Now in the ongoing saga that is Henri, the remnants joined with an upper level low pressure system last night.

Sound ominous, but it’s more ceremonial. Well, not in the sense that there was an officiant and light refreshments served, but more about the natural demise of a tropical weather system. What’s left now is a swirl of clouds and a clump of rain (not meteorological terms) and it’s coming back at us.

Recall that the storm was traveling west last night before the marriage. Now the upper level winds are shifting to push it all east…towards the Gulf of Maine and Nova Scotia tonight and tomorrow. Of course, we are in the flight line of that departure, so we’re going to get wet.
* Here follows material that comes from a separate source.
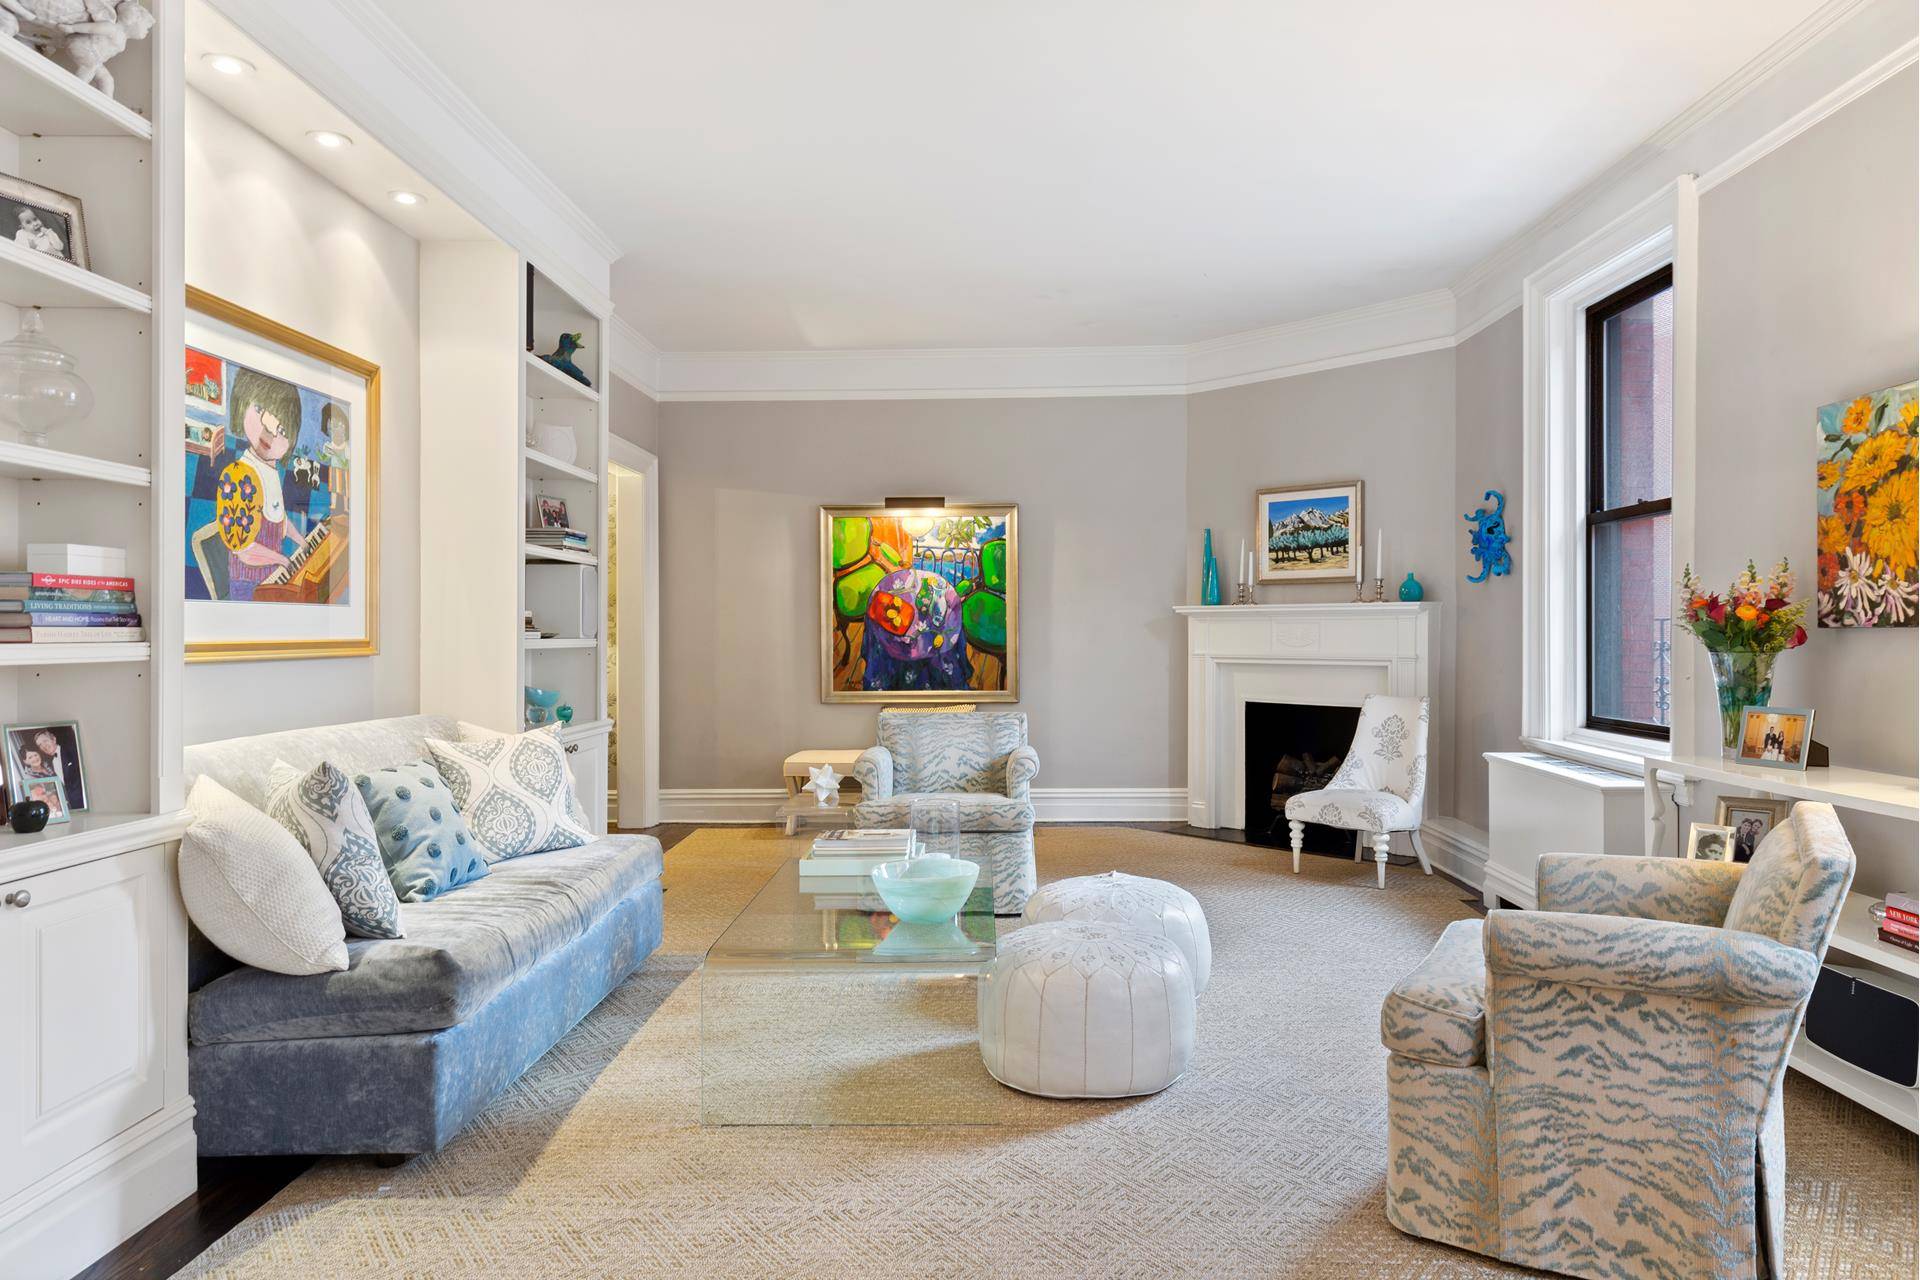 Step into classic Carnegie Hill with location, light and space in this elegant seven room home in a prewar doorman building on the Upper East Side of Manhattan.

I’m not sleeping on this rain, either. There could be some heavy bursts and some brief urban flooding…overnight tonight. Some of us may actually get more from the remnants than from the actual tropical storm. By Tuesday morning it will all be sailing offshore, and the sun will return to the picture.

There’s lots of humidity around too. That goes absolutely nowhere in the coming days. In fact, heat will build and the humidity will be in lock step. Highs climb to the low 90s both Wednesday and Thursday and heat indices (that dirty term) nudge the mid-90s.

Fret not, however. Cooler air will arrive on Friday to save the weekend. The forecast however, hinges upon whether we will have a front dangling overhead and clouds competing with sun. Plenty of time to work on that forecast.